A tweet from Punit Goenka, CEO, Zee Entertainment Enterprises, said it all. The launch of Broadcast Audience Research Council’s television audience measurement system was termed a historic occasion.
“With the implementation of @BARCIndia, the ecosystem has certainly turned absolutely transparent. @BARCIndia will certainly be the best solution to report what the nation is actually watching,” Goenka tweeted.
Monitoring and measurement of content consumption is set to change for the better, as BARC India rolls out its first set of data. In the new system, television viewership will no longer be reported on the old socio-economic classification system (SEC).
A New Consumer Classification System (NCCS) has been instituted, which would ensure that the number of TV viewing households surveyed increases to 20,000, and further to around 50,000 over the next four years.
Partho Dasgupta, CEO, BARC India, said his team was proud to create the world’s largest and future-ready television audience measurement service.
BARC historyThe Indian Broadcasting Foundation (IBF), the Indian Society of Advertisers (ISA) and Advertising Agencies Association of India (AAAI) had formally launched BARC in 2012, with the IBF holding 60 per cent stake, and ISA and AAAI 20 per cent each in the official body.
Similar to BARB (the UK-based Broadcasters’ Audience Research Board), BARC will commission independent specialist research vendors to conduct audience measurement.
In a statement, Goenka noted that what countries across the world take at least five years to roll out, the IBF, the AAAI and ISA have managed in two years.

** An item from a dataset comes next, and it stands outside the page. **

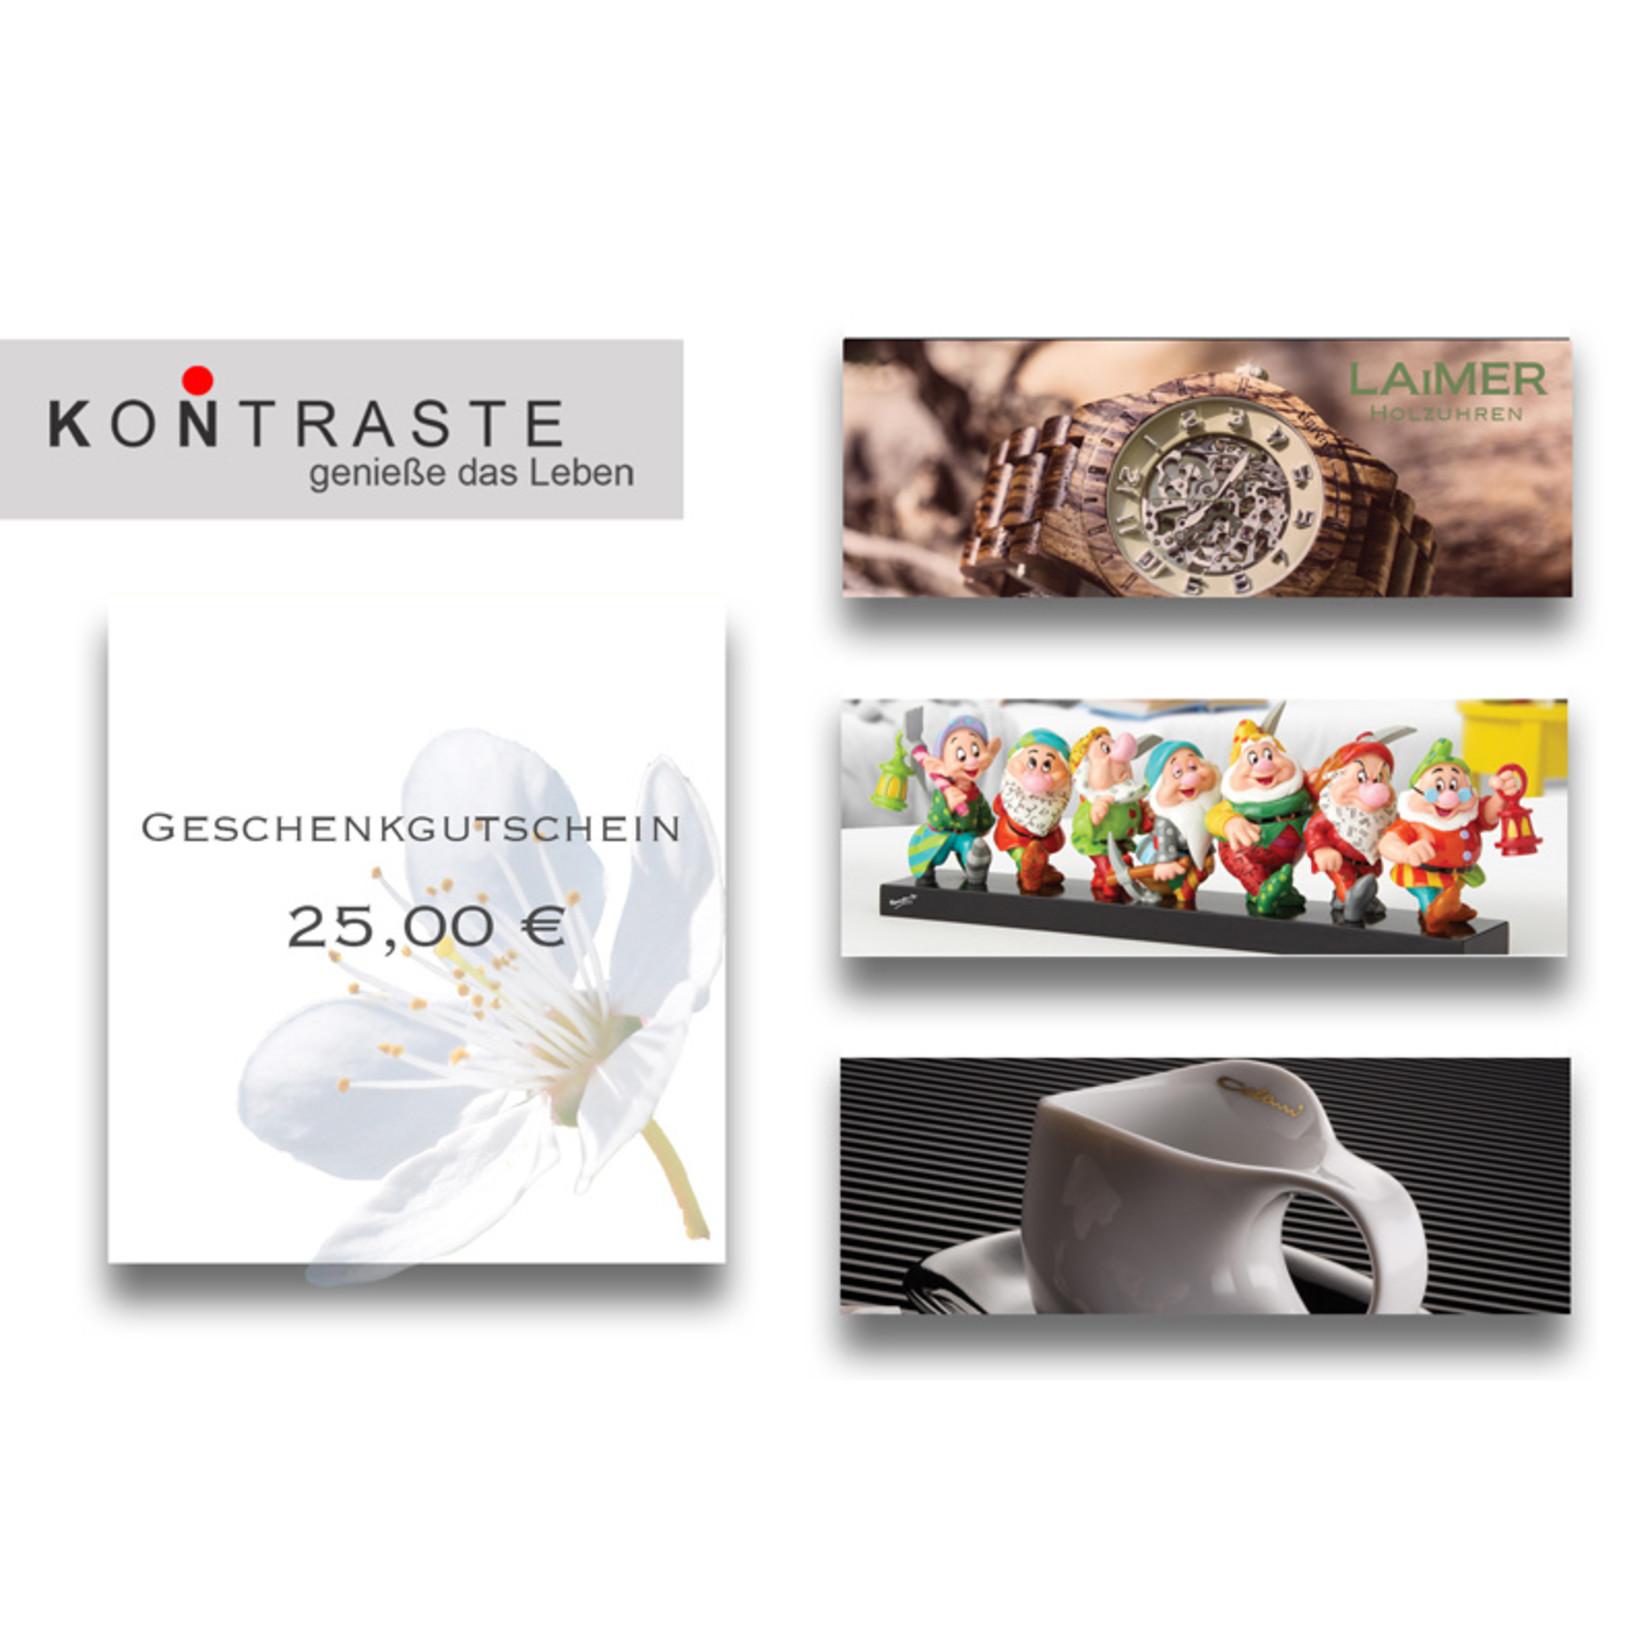 Geschenkgutschein 25,00 € I online & im Geschäft einlösbar

Terming it the most challenging service governed by a single joint industry body for the entire country, he added that it was the uniqueness of cultural and media consumption diversity of India that made the job so tough.
Initially, BARC will be releasing data for over one lakh cable and satellite markets, which correspond to a sample size of 10,760 households. BARC will monitor 12,000 sample households for this, using a stratified random sampling technique.
This will go up to 20,000 reporting homes with the addition of rural areas, in order to represent ‘What India Watches’.